- Advertisement -

Trump’s ‘big beautiful bill’ adds SALT deduction ‘torpedo,’ pro says

Must read


U.S. Representative Josh Gottheimer, D-NJ, speaks during a press conference about the SALT Caucus outside the Capitol on Wednesday February 08, 2023 in Washington, DC. 

Matt McClain | The Washington Post | Getty Images

President Donald Trump‘s ‘big beautiful bill’ delivers a temporary higher limit on the federal deduction for state and local taxes, known as SALT. But the phaseout, or income-based benefit reduction, could trigger a tax surprise for some higher earners, experts say.

If you itemize tax breaks, you can claim the SALT deduction, which includes state and local income taxes and property taxes. Trump’s legislation raises the SALT deduction limit to $40,000 starting in 2025, with a 1% yearly increase through 2029, before reverting to $10,000 in 2030. 

However, the $40,000 SALT cap starts to phase out once modified adjusted gross income, or MAGI, exceeds $500,000. The SALT limit drops to $10,000 once MAGI reaches $600,000. MAGI is adjusted gross income with some tax breaks added back in. 

This phaseout can create a “SALT torpedo” — an artificially high tax rate — when MAGI falls between $500,000 and $600,000, certified public accountant Jeff Levine said in a LinkedIn post this week.

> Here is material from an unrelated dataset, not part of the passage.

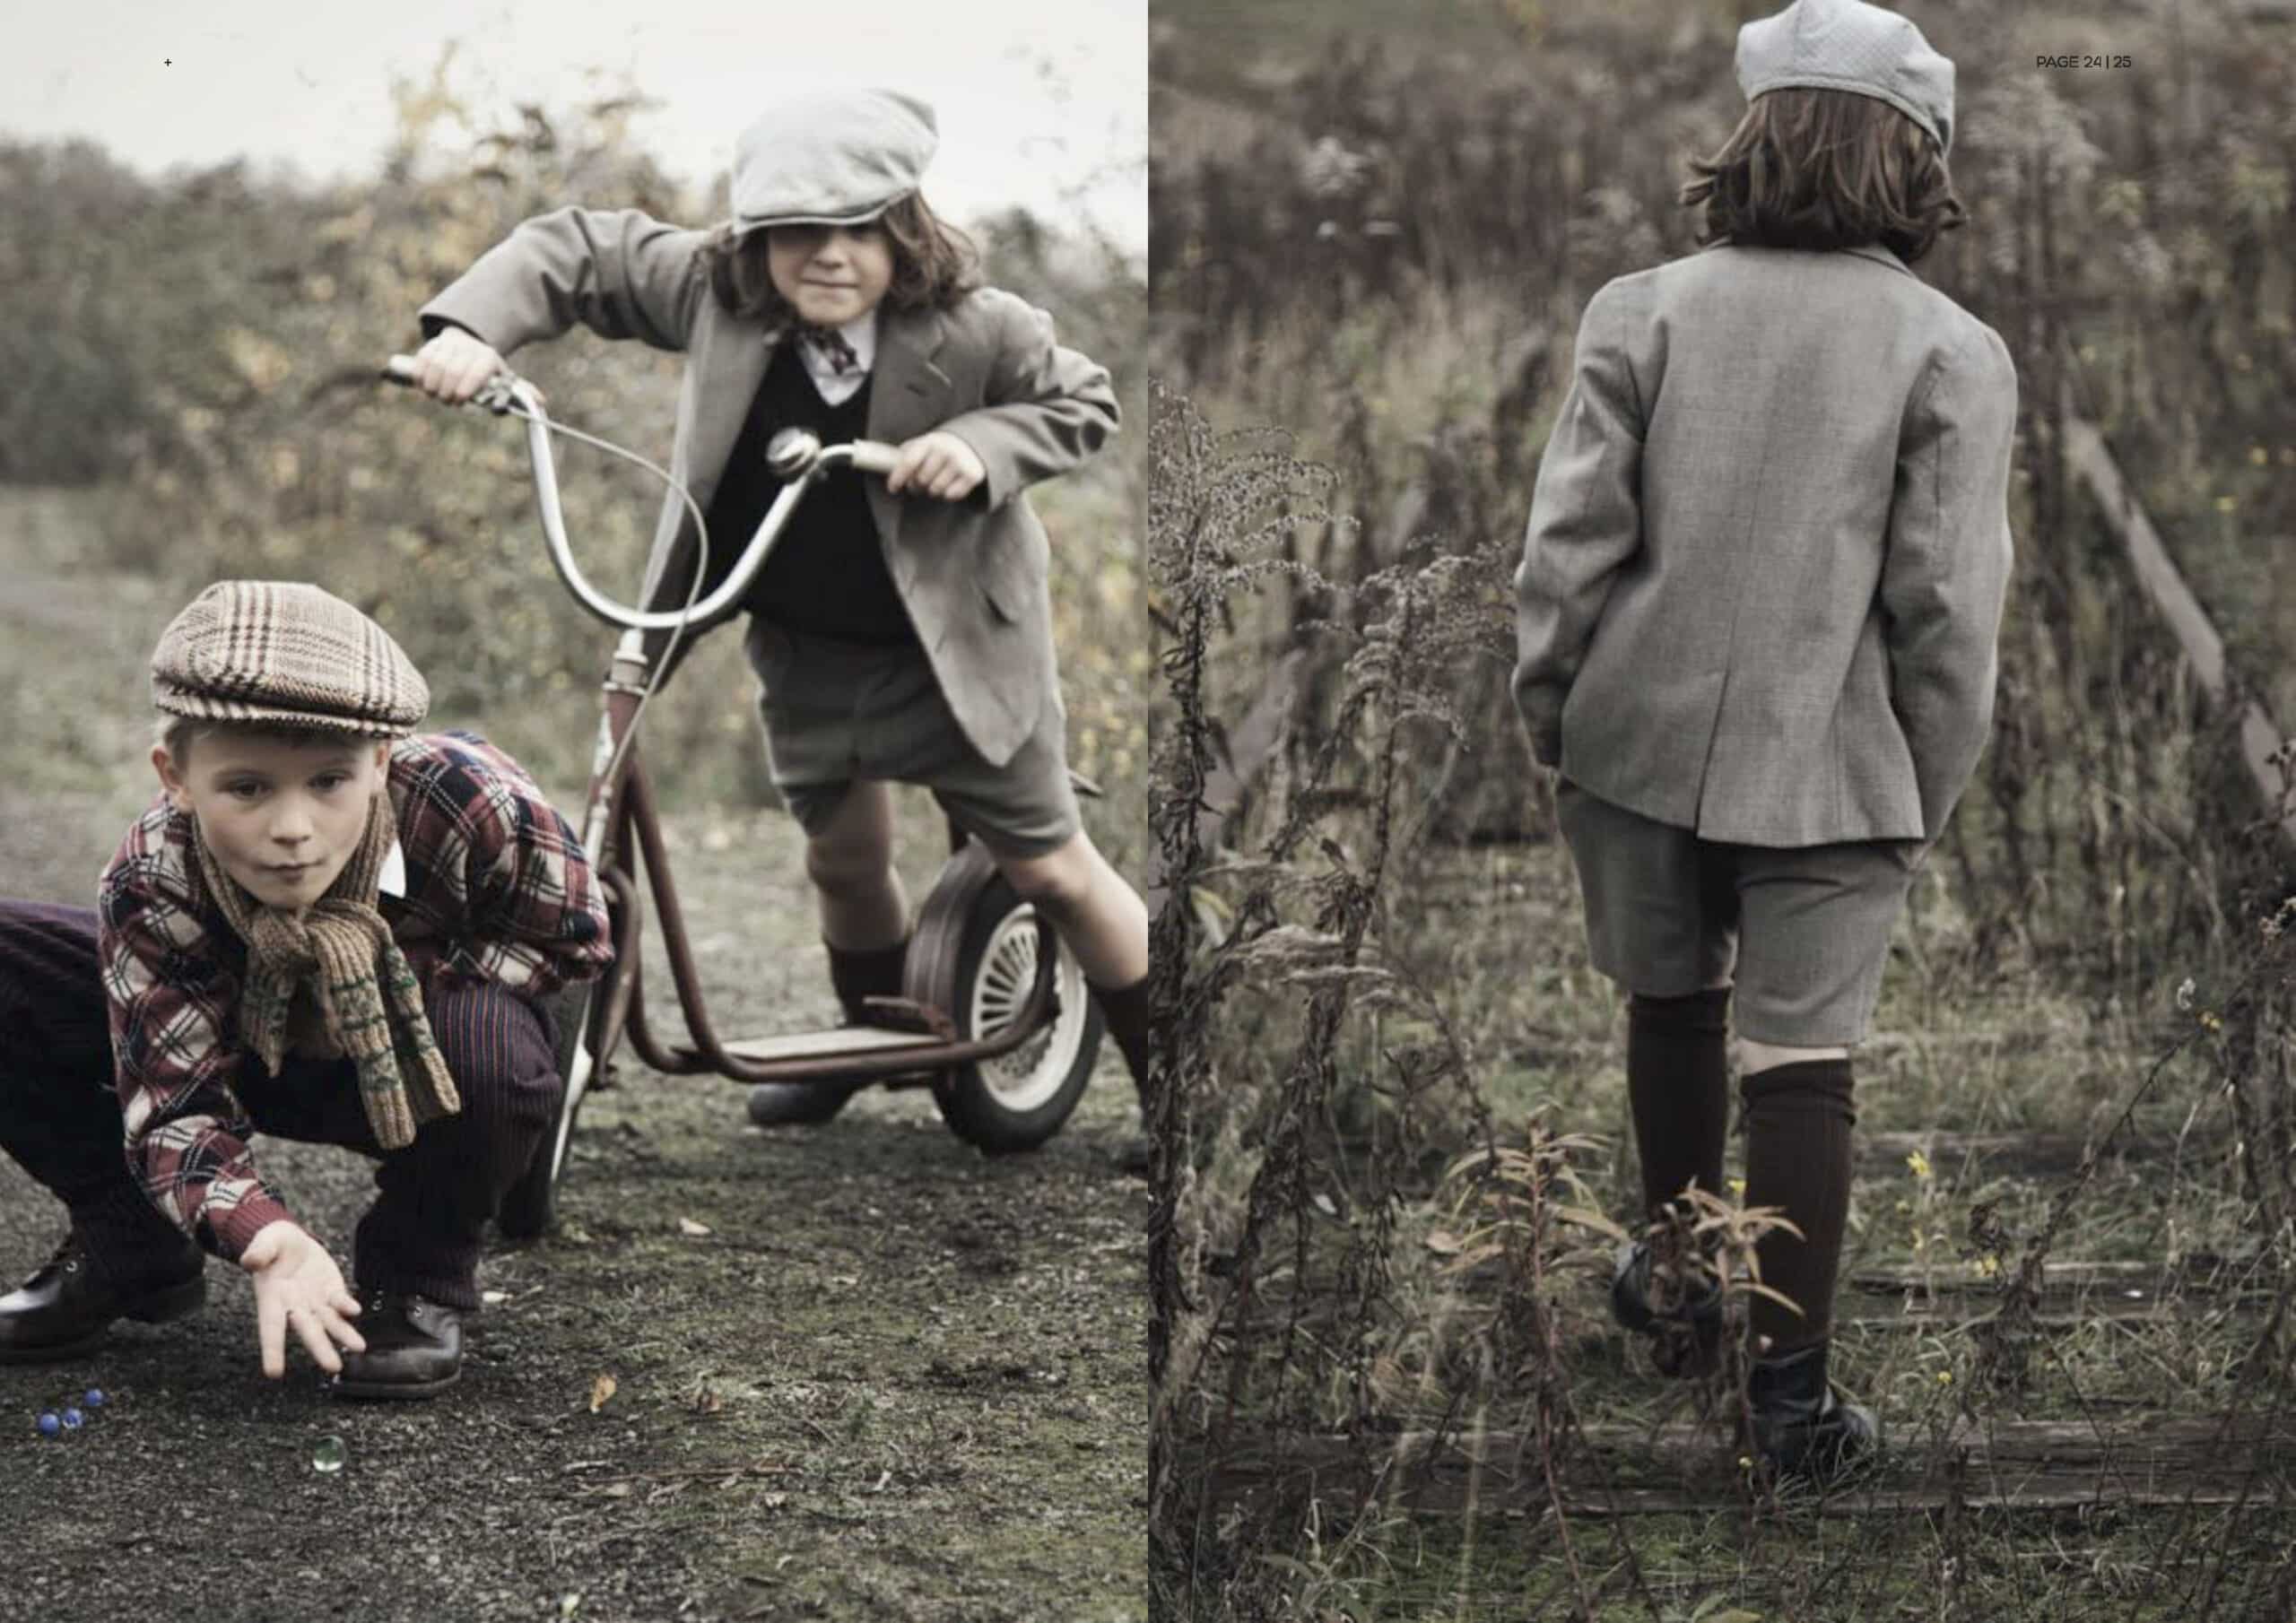 Zwei Kinder in Vintage-Kleidung spielen im Freien. Eines hockt an der Startlinie und ist bereit zum Rennen, das andere sitzt auf einem klassischen Roller und ist bereit loszufahren. Die Szene spielt in einer rustikalen, natürlichen Umgebung. © Fotografie Tomas Rodriguez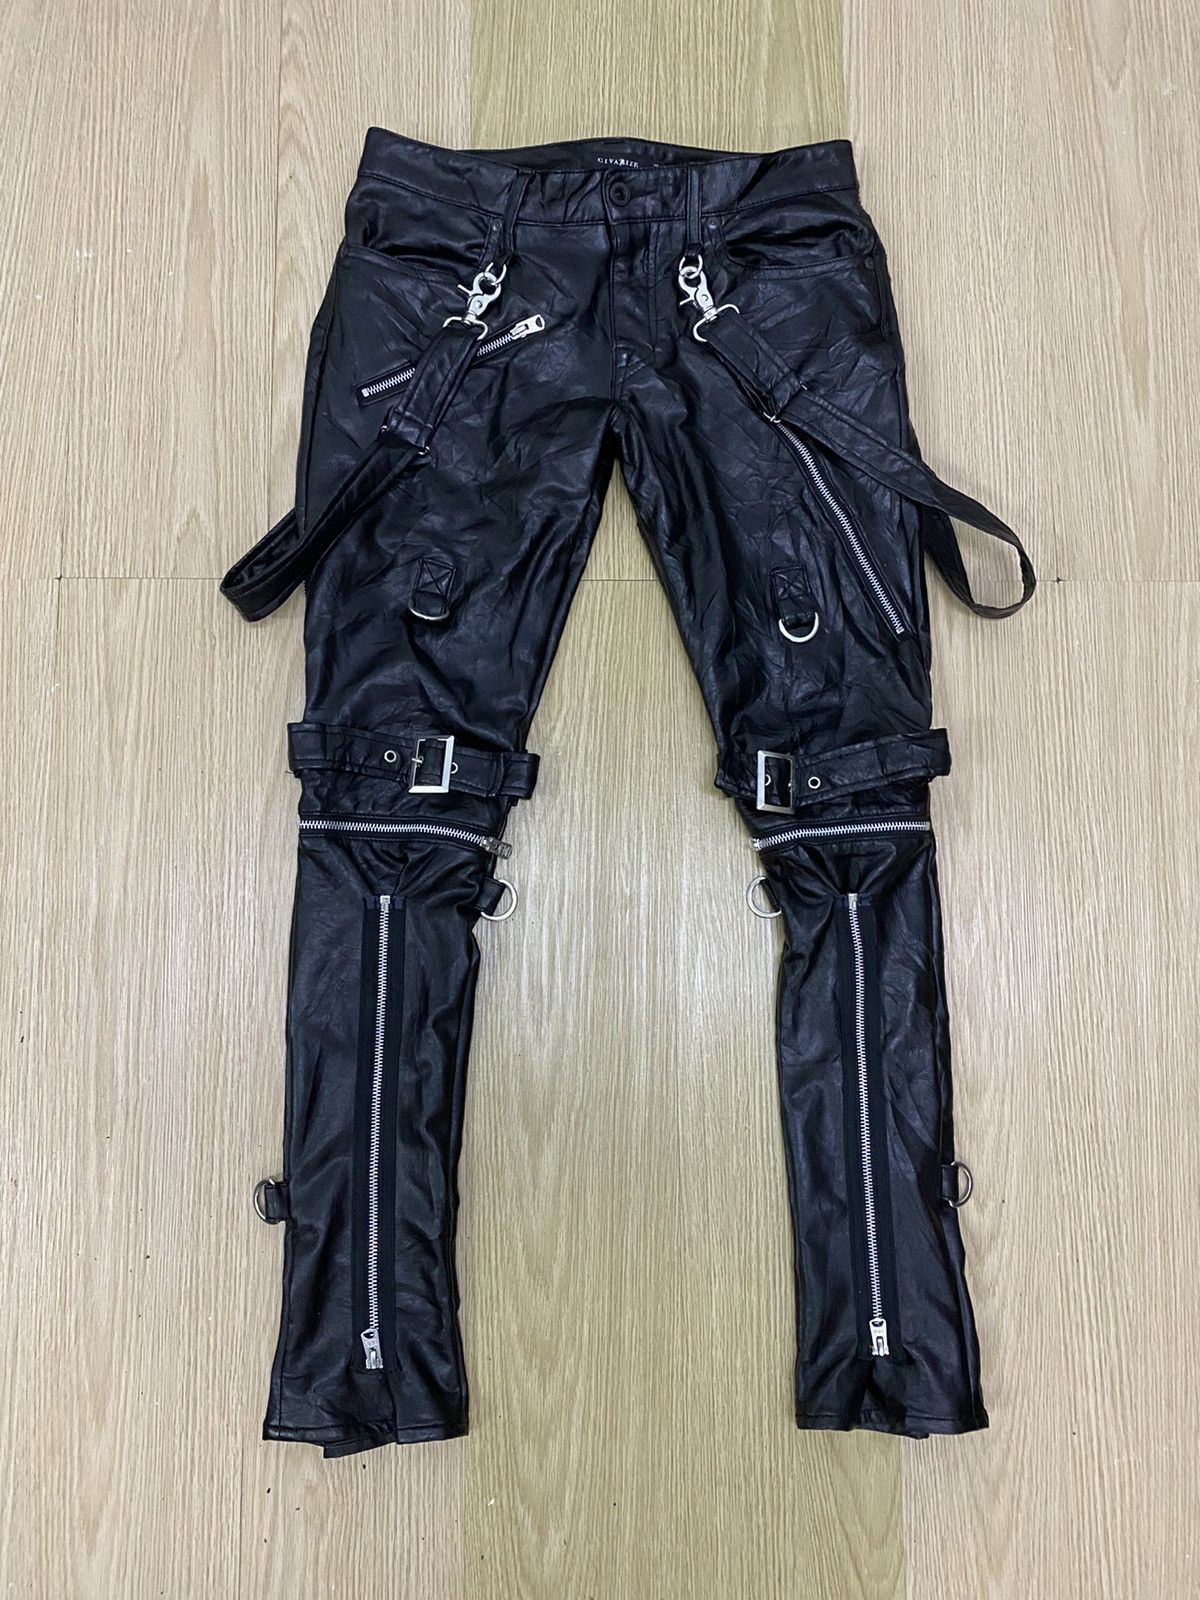 leather pants bondage

In some cases, you could pay a 45.5% federal tax rate on earnings between those thresholds, experts say.  

More from Personal Finance:
Tax changes under Trump’s ‘big beautiful bill’ — in one chart
‘YOLO’-buying EVs: As $7,500 tax credit ends, consumers may rush to cash in
Trump’s ‘big beautiful bill’ cuts SNAP for millions of families: Report

Here’s how the “SALT torpedo” works and who could be impacted, according to tax experts.

How the SALT deduction phaseout works

A ‘quirky’ phaseout boosts tax rate

“It’s definitely a quirky little phaseout provision,” Andy Whitehair, a CPA and a director with Baker Tilly’s Washington tax council practice, told CNBC. “When people start actually crunching numbers, they might be in for some surprises.”

Whitehair also shared a basic example of the phaseout on LinkedIn this week.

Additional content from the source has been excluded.